• _WHAT THE EXERCISE ASKS_
Once you reach the line with "Hacia las 11:35" below, copy each line exactly, stopping after the line with "Rania de Jordania, junto", and skip any pictures.

• _DATA SUPPLIED_
::::

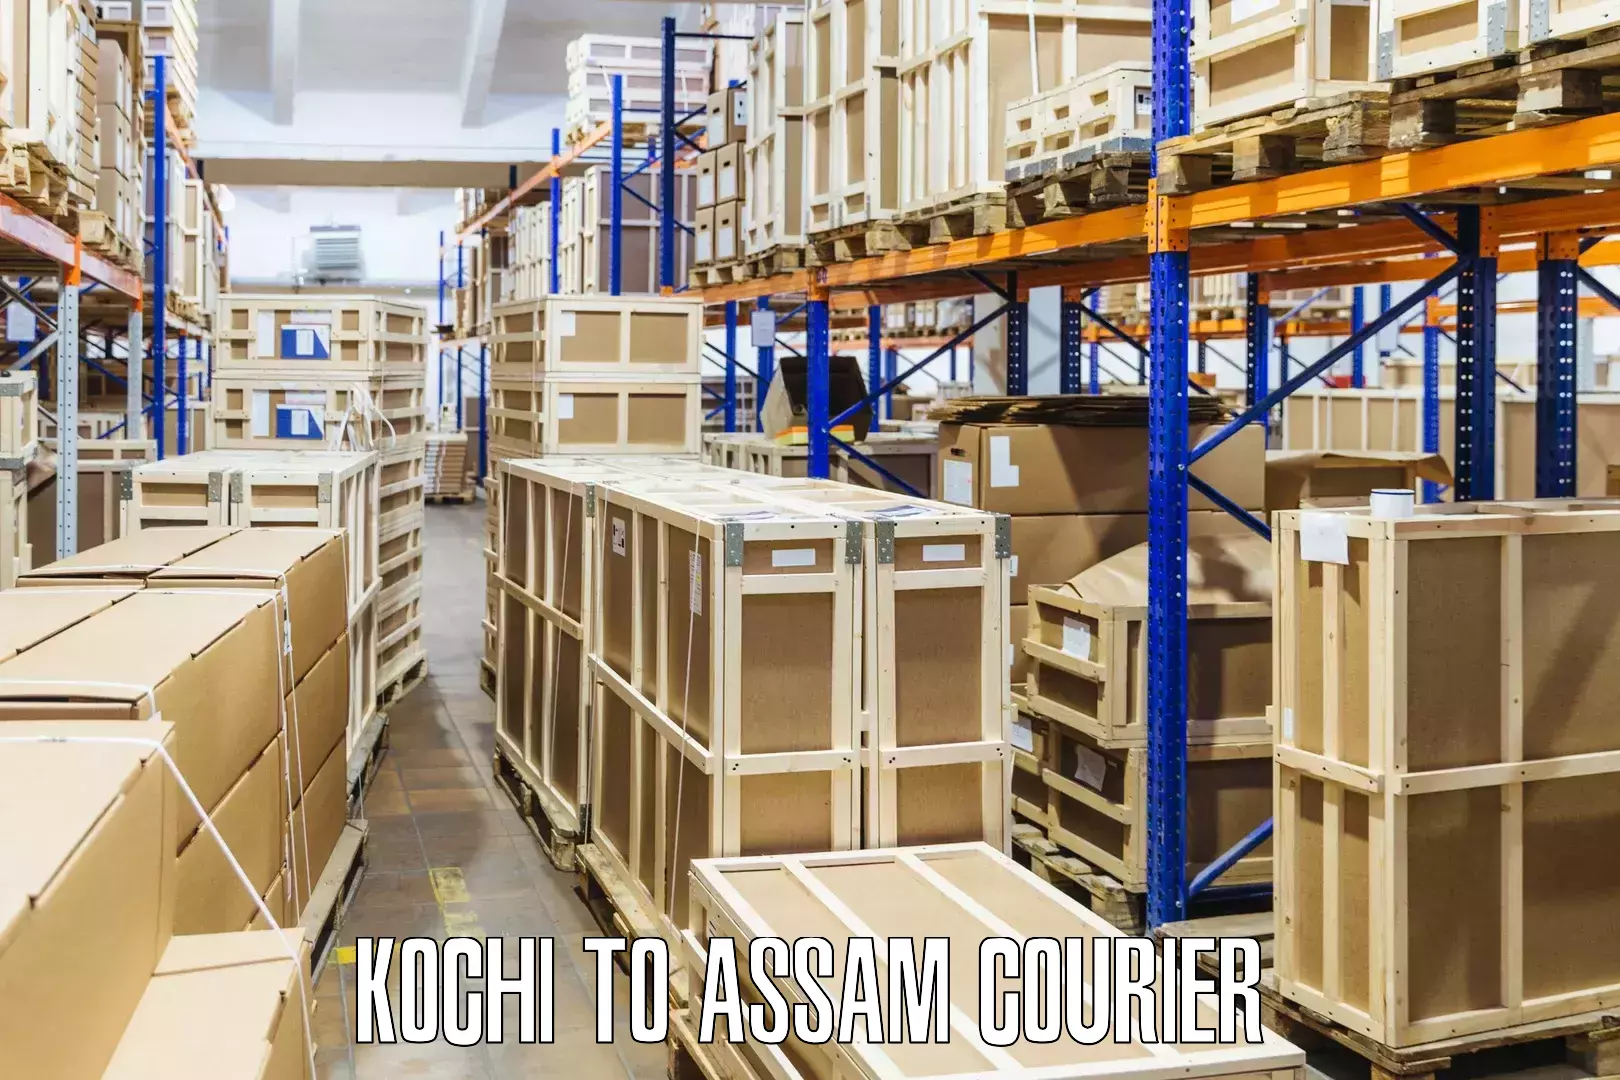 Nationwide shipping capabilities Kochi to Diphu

::::

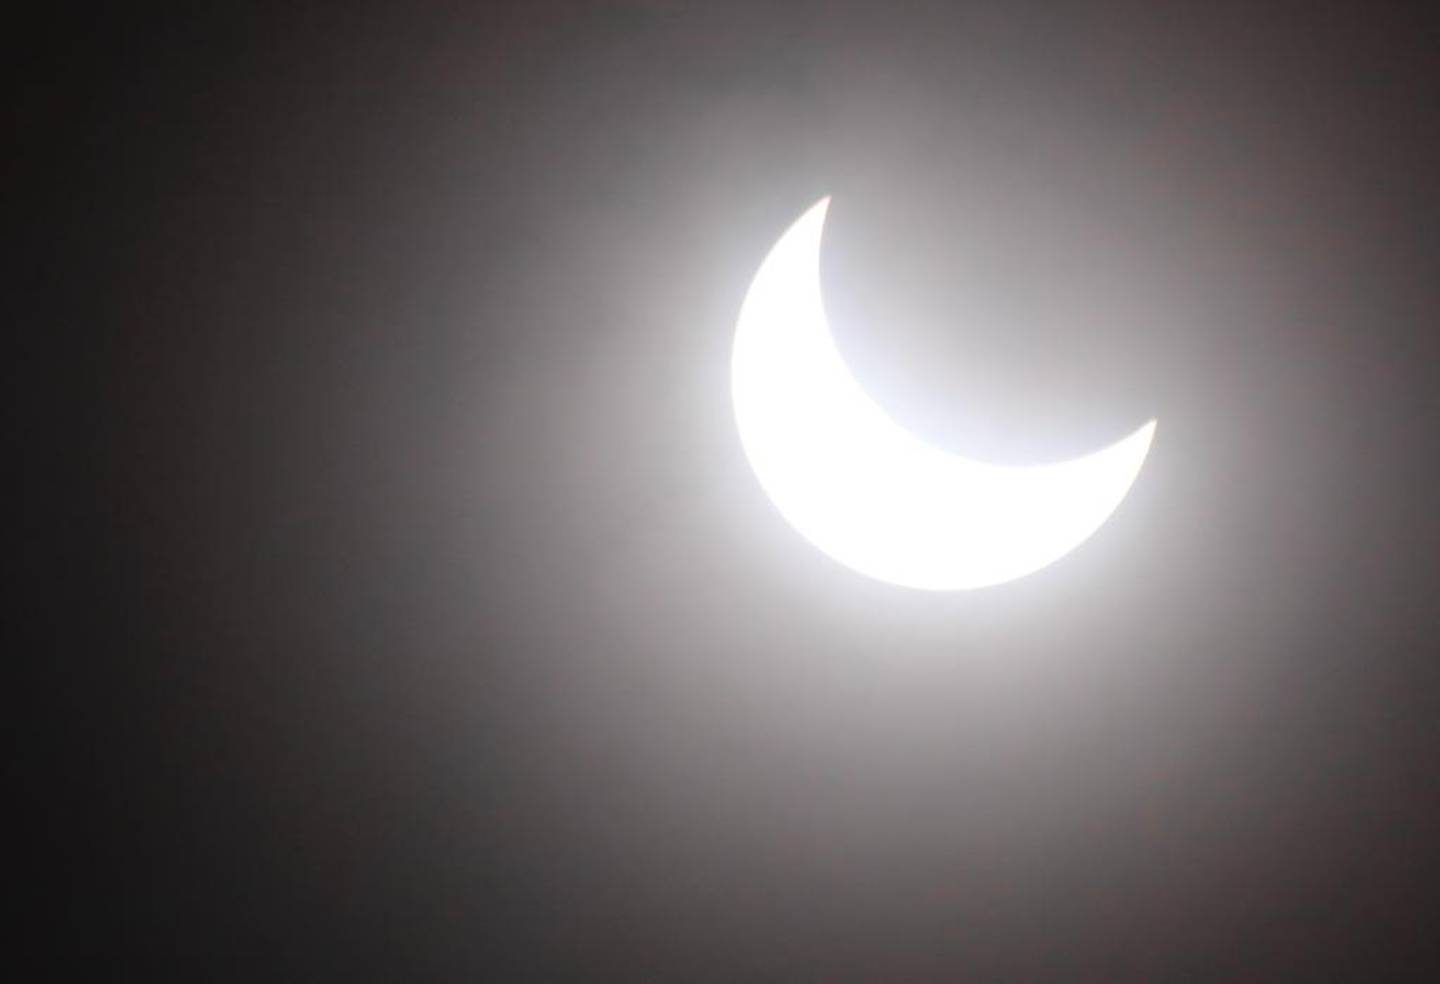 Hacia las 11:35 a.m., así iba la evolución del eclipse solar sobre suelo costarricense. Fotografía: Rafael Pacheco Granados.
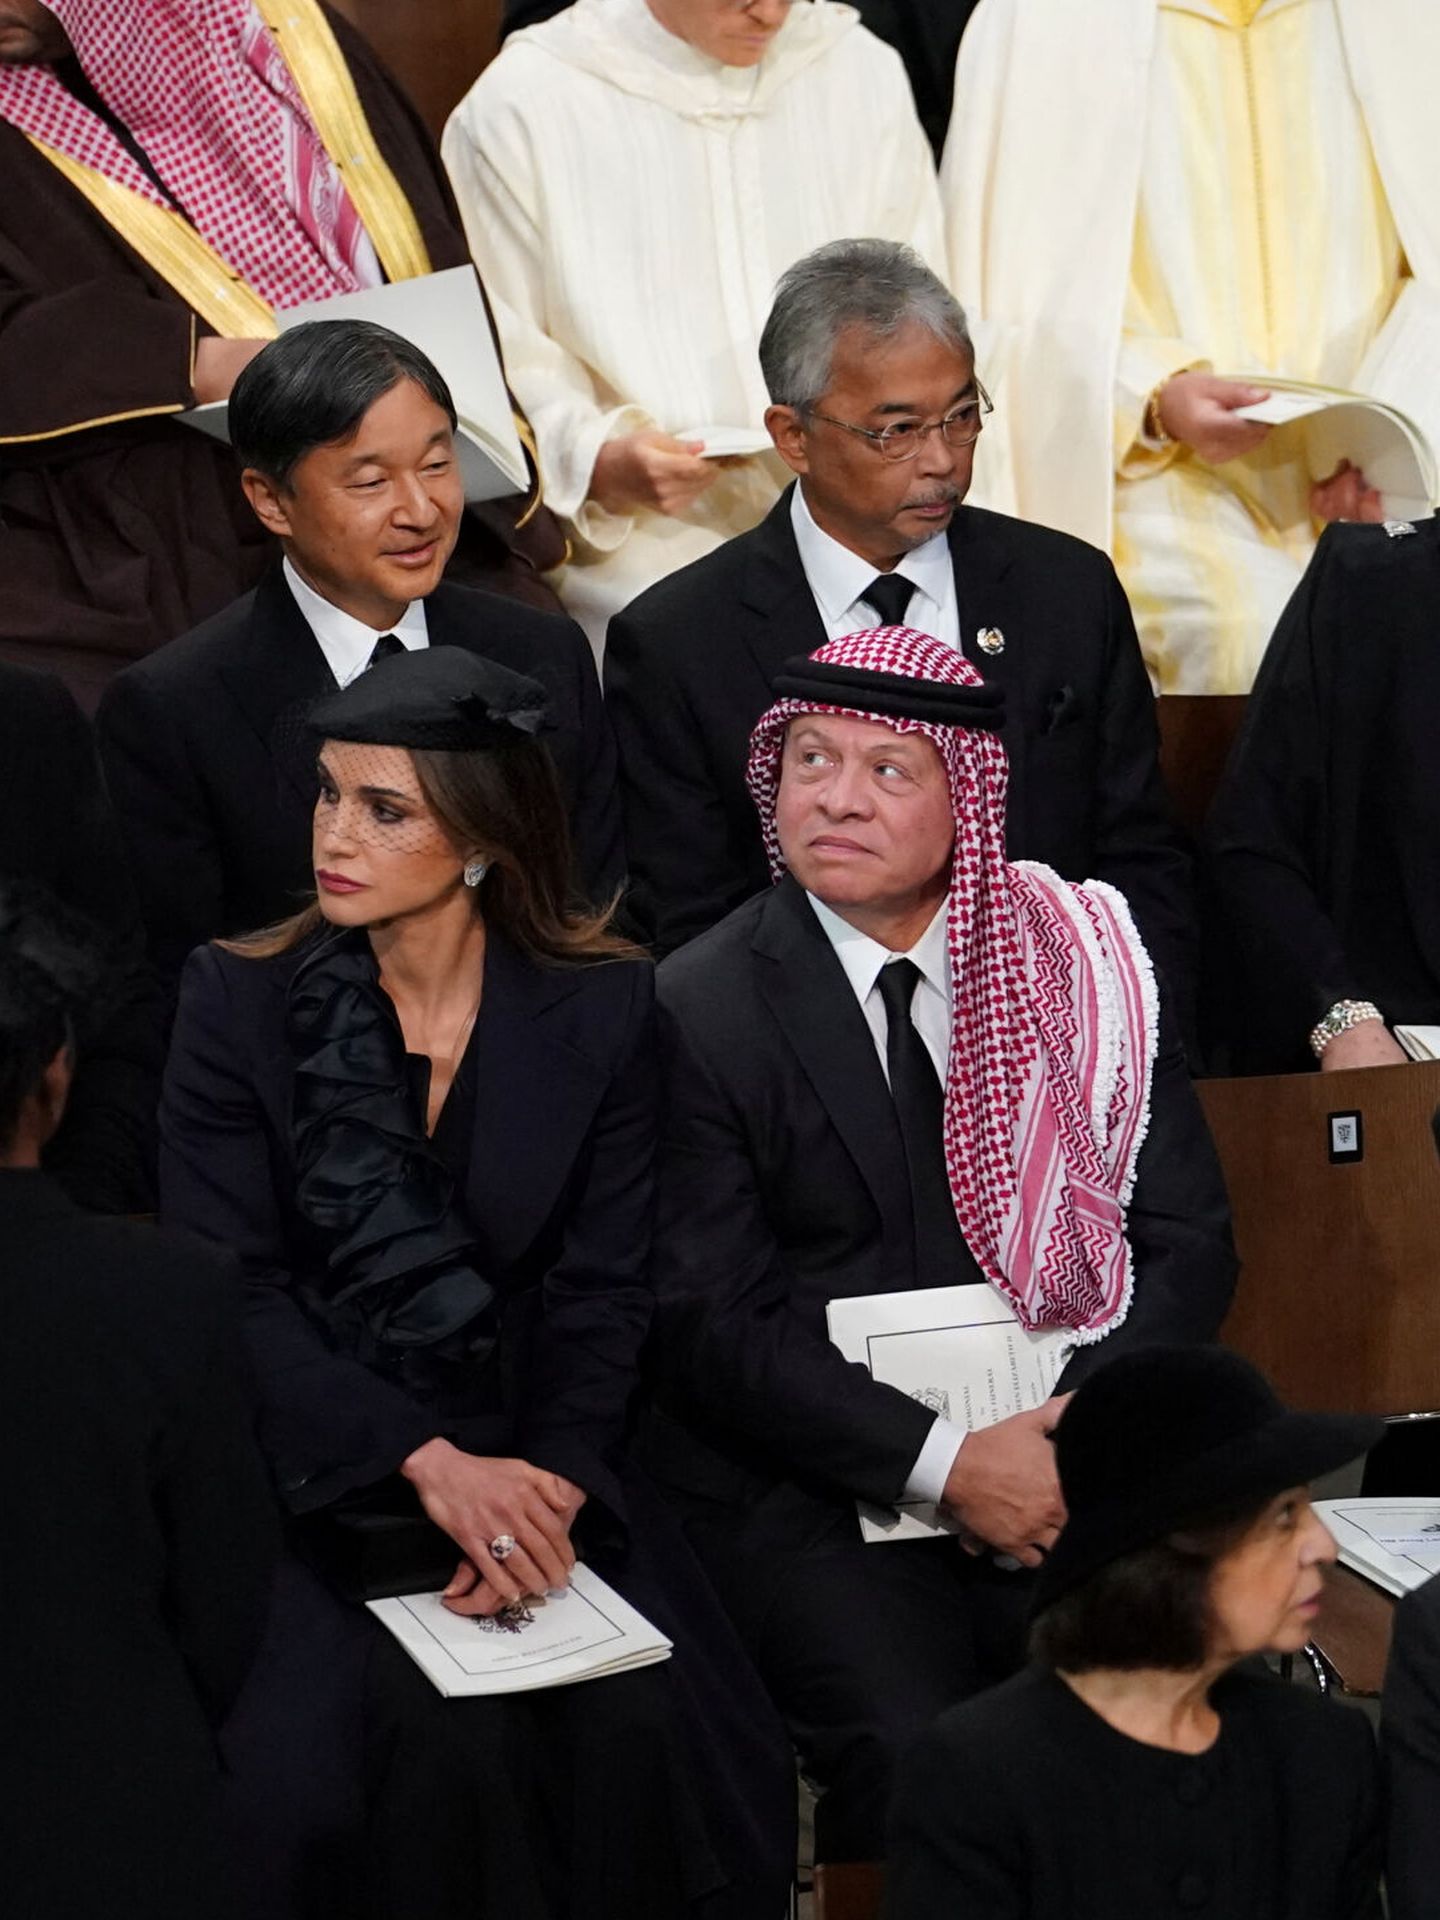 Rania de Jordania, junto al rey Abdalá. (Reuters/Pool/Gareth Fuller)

::::

• _REPLY TO THE TASK_
 Hacia las 11:35 a.m., así iba la evolución del eclipse solar sobre suelo costarricense. Fotografía: Rafael Pacheco Granados.
 Rania de Jordania, junto al rey Abdalá. (Reuters/Pool/Gareth Fuller)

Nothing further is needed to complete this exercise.